It is remarkable how much we learn in our youth and how fast we learn it. It is a pace that really cannot sustain itself as we age, though we might try to continue to learn as though we were young. In my youth, the newspaper seemed a vast swarm of text and a few images that encircled a hidden prize: the funnies. Comics, in youth, are acceptable, but as we age we regard them more as juvenile diversions. Over time, the picture book gives way to the novel. The non-fiction works in the form of text books and scholarly journals are tools to educate us. Finally, should we pursue learning down the institutional path long enough, we encounter doctoral theses with their many and myriad intertextual references. It is a long-standing joke among academics that it is rare that the thesis they slave over for four or more years ever actually gets read.
Nick Sousanis, with his doctoral thesis Unflattening, is a poignant departure from any trend of dissertations written for the sake of being written. More than that, it is meant to be more than a read work. It is an experiential work that asks the reader to not just read, but rather to participate in learning to appreciate imagery on equal terms with orderly lines of written text. This is a dissertation written in comic book format that argues for the power of that medium. One might think about the adage concerning the worth of pictures and thousands of words, and that does come up in the work itself, but this is something more than a trite saying. It is a masterful reinterpretation of how we read and learn, and how our world can be captured and conveyed to our fellows. It dismantles the rigid presumptions we have regarding the inherent value of the written word – especially scholarly writing. It champions the comic, for “while the image is, the text is always about.” Indeed, it is brilliantly argued throughout that “the visual provides expression where words fail.”
The title, Unflattening, refers to Edwin A. Abbott’s novella Flatland (1884), about a dystopian flatland of two dimensional objects, where a coin would not be seen by others for its circular shape, but rather would be seen edge-on as just a line obscuring the horizon. This is a “linelander,” and all linelanders see each other this way. A square of three dimensions frees the coin-shaped object by peeling it from the flat surface so that it might see its brethren and world from above – from the third dimension, just as we would look down upon a page in a geometry textbook
Sousanis, similarly, wishes to peel us away from the linear predominance of the textual world where word follows word follows word. He comes from a background in comics, graphic novels, or whatever phrase you would use to describe his art. Just as his square peels away the coin from lineland to reveal it to be flatland, so too Sousanis convinces us, by both text and deed, of the power of comics. His text is often sparse and pared down to its most necessary elements, but the accompanying visuals draw the eye along and serve as an obvious example that reinforces the sometimes vague text. The deed is the image, for it is the more obvious representation of our lived world, while the text can only describe it. This may all seem obvious, but Sousanis brings to bear so many examples and graphical displays to reinforce his line of argument, that the journey through this work is quite remarkable. Moreover, his endnotes at the back serve not only to acknowledge his textual sources, but also to draw attention to and explain his visual inspirations. Those images that so often sit confined within frames within museum galleries or as a ghettoized section of glossy pages in the middle of an art book, they are given life and agency by Sousanis’ deploying of them as allies to his words.

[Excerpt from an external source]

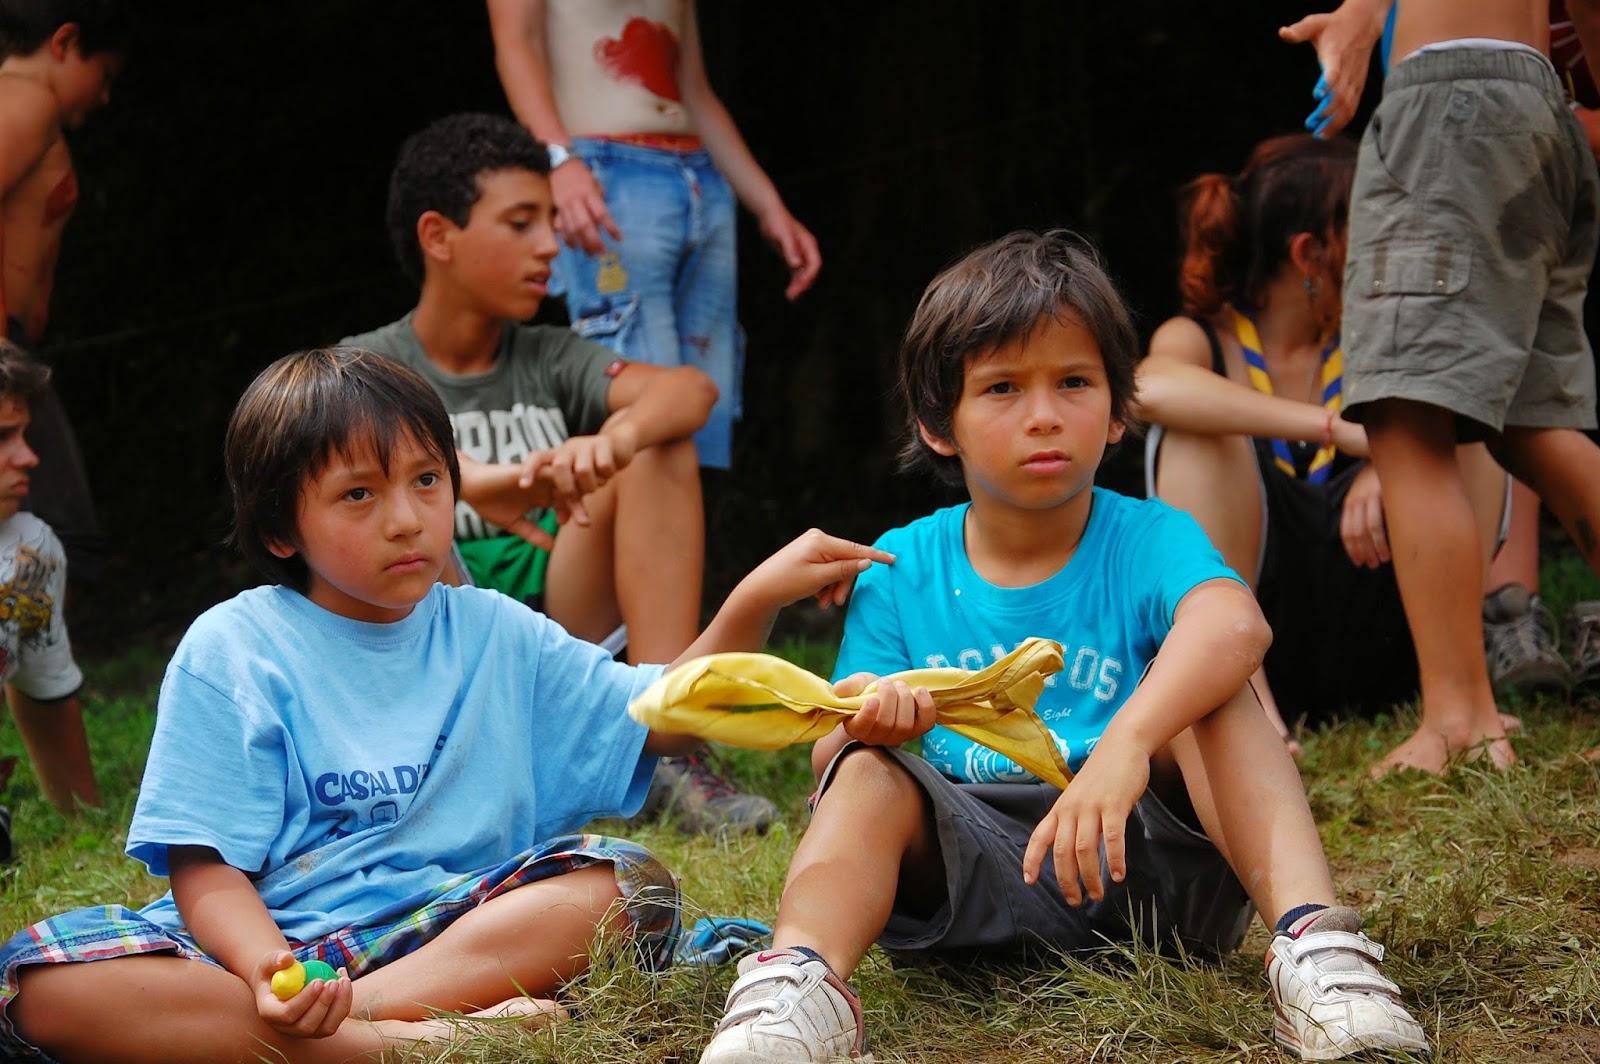 Campaments Estiu RolandKing 2011 - DSC_0305.JPG

Certainly, it is almost with chagrin that one must only write about such a work when it argues so convincingly that mere text is limited in its conveying of full meaning. It is some solace that the accompanying images from Sousanis’ work will allow readers of this review to gain greater insight in the majesty of his pairing of imagery and text. This is a thinking person’s book and it is most definitely academic, but it is also surprisingly accessible. It draws upon – and draws – so many disciplines and so many real-world instances, that anyone and everyone will find it illuminating. So profound are many of these moments of illumination that they go a long way to rejuvenating our desire to see the world anew, from a child’s eyes once more. – Stephen Webb.

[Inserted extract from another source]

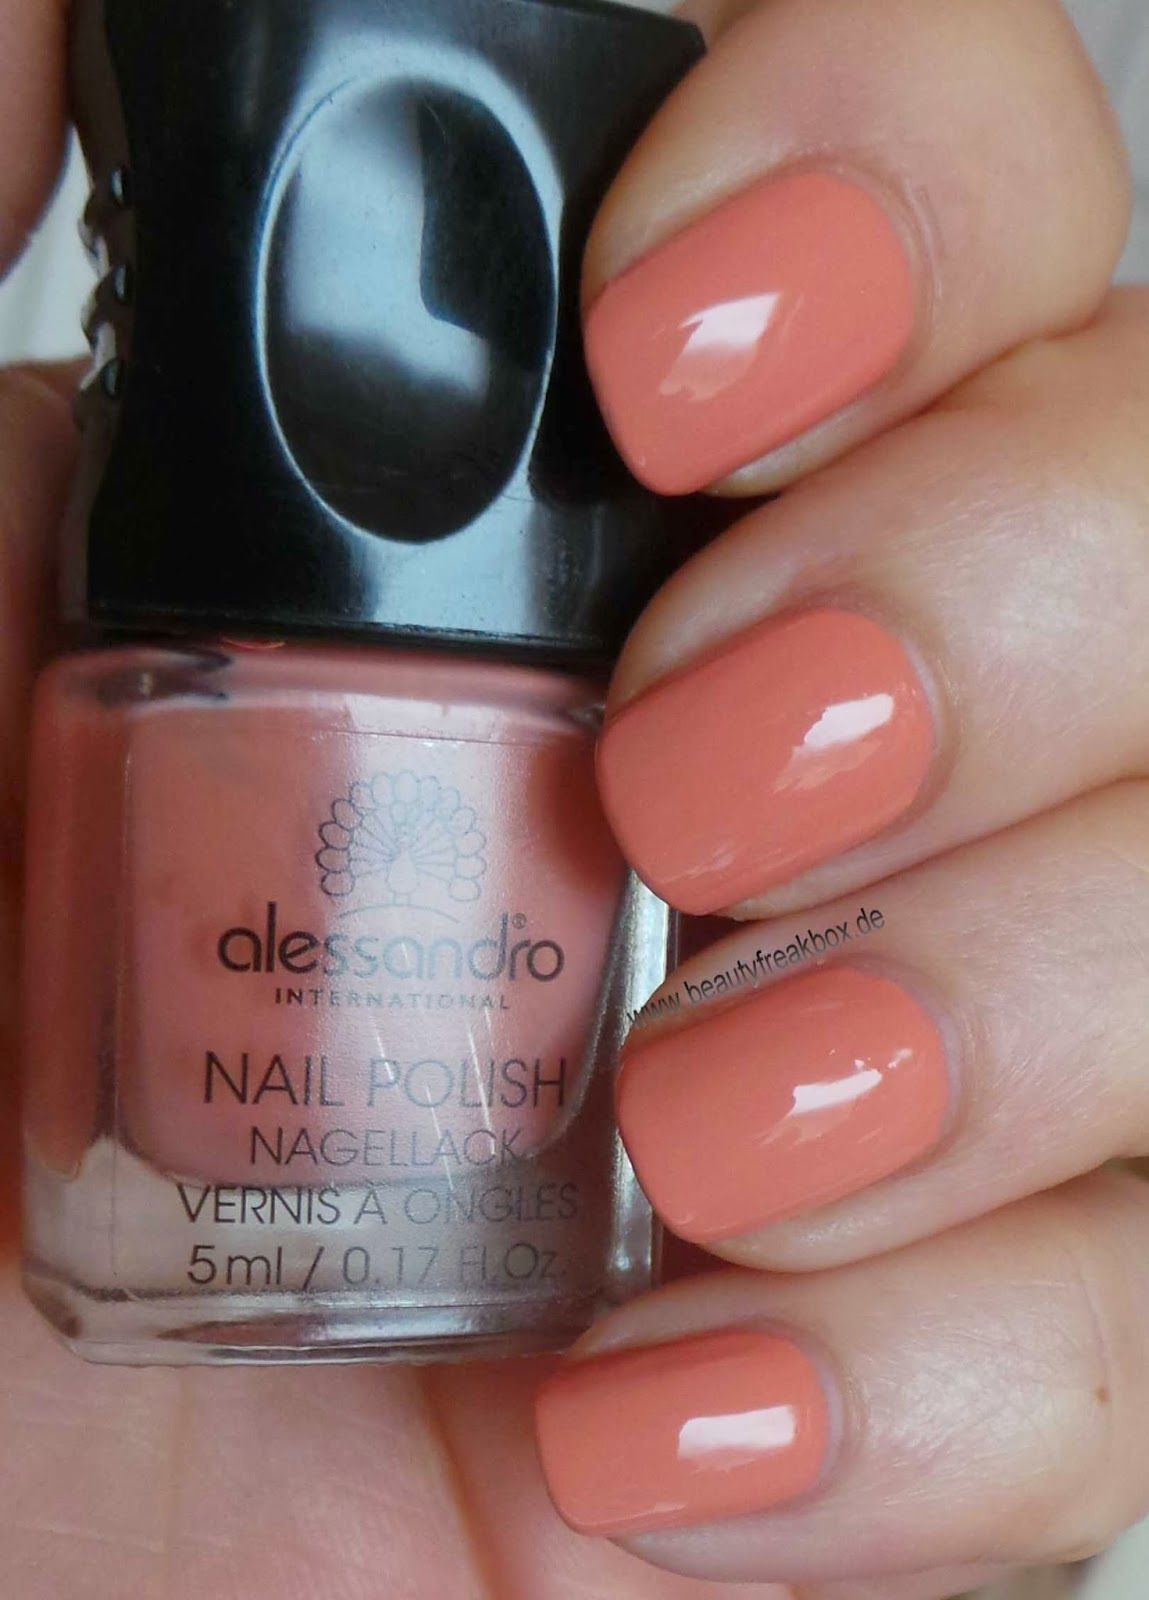 alessandro Sunday Rose Nagellack - Apricot Touch | Feeling So ...

FOR FANS INTERESTED IN THE HISTORY AND INSPIRATION BEHIND A BOY AND HIS TIGER
Exploring Calvin and Hobbes: An Exhibition Catalogue by Bill Watterson and Robb Jenny Andrews McMeel Publishing 2016, 160 pages, 8.5 x 11 x 0.6 inches
I like many grew up on Calvin and Hobbes. I don’t know if there’s a comic, book, film, or any other piece of art that better captures a childhood. I read every Sunday strip, most of the dailies, and the ones that I missed I would read in dog-eared collection books checked out from the library. As I got older, I wanted to know more about the strip’s creation. When I picked up the Complete Calvin and Hobbes, a 14-pound tomb, I was a little disappointed. Other than an introduction, there was very little information about the mysterious creator Bill Watterson. Thankfully, Exploring Calvin and Hobbes: An Exhibition Catalogue makes up for that.
This is the Blu-Ray extras that Calvin & Hobbes fans have been waiting for. It’s not for those casually interested in reading the strip. There are plenty of other books for that. But if you’re interested in process, history, and the inspiration behind a boy and his tiger, you’re going to love this book.

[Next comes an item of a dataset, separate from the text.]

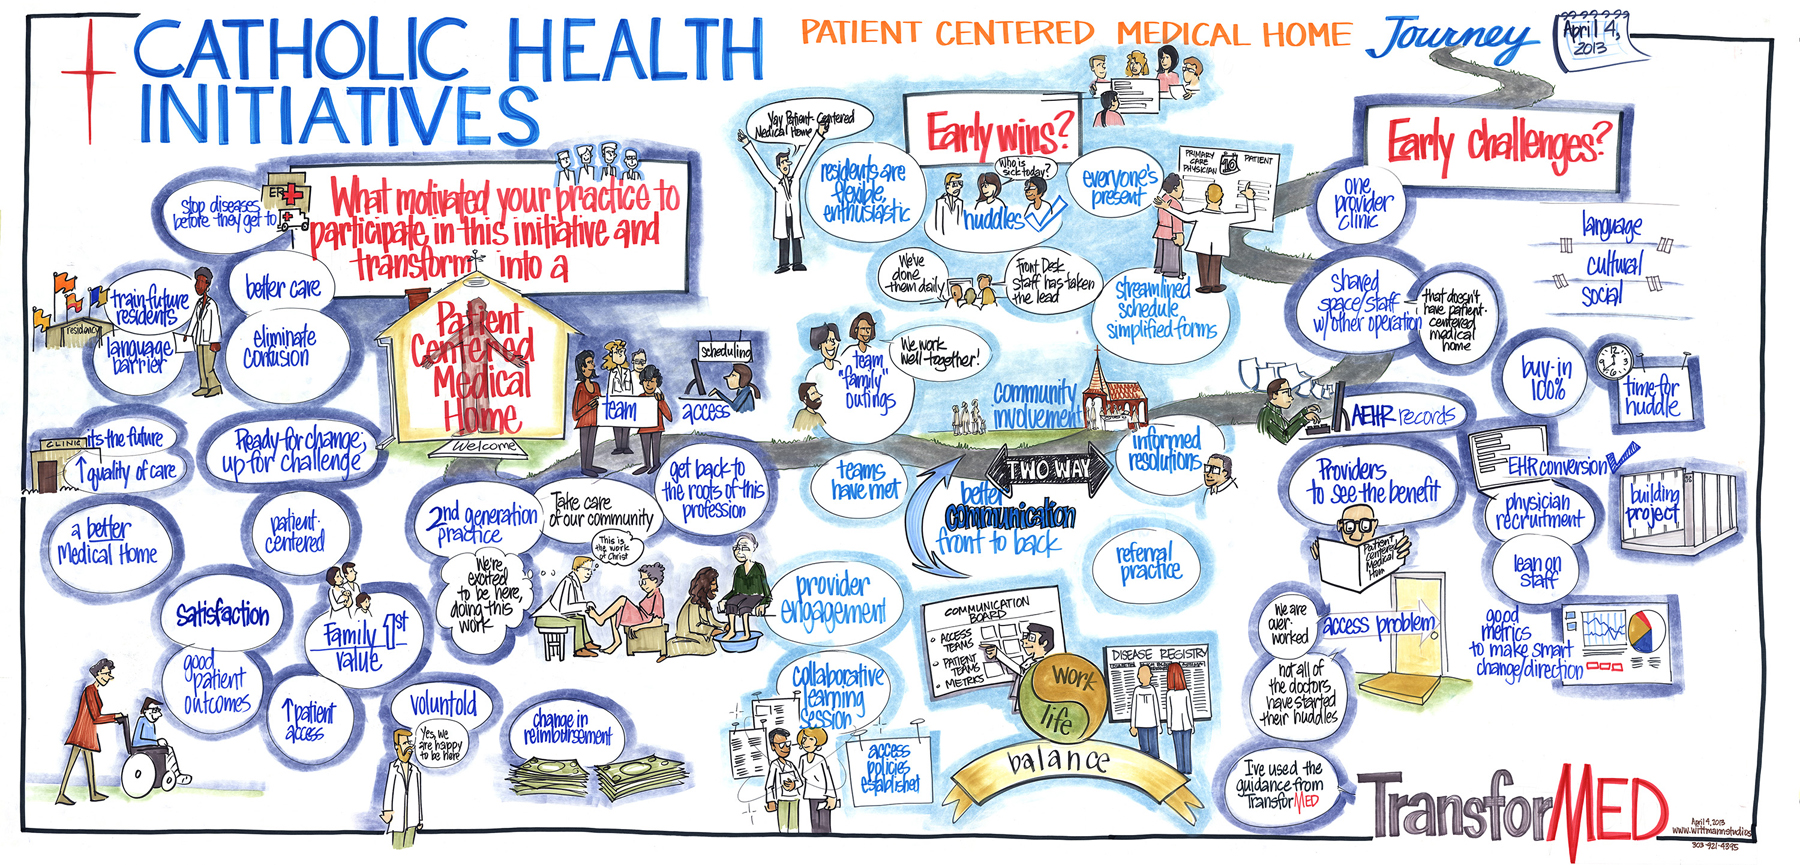 catholic health initiatives -001 3m.jpg

The book explores an exhibit of Watterson’s work at the Billy Ireland Cartoon Museum. It also includes one of the most in-depth interviews he’s ever given. In it you get a rare look at his early work, the tools Watterson used, the struggles he went through, and the wonderful comic that he created. You get a real sense of the artistry that Watterson put into the strip, and how it evolved over the years. It’s great to relive and learn about something that had such an influence on me. This book is definitely a must-have for Calvin and Hobbes fans. – JP LeRoux
Books That Belong On Paper first appeared on the web as Wink Books and was edited by Carla Sinclair.Sign up here to get the issues a week early in your inbox.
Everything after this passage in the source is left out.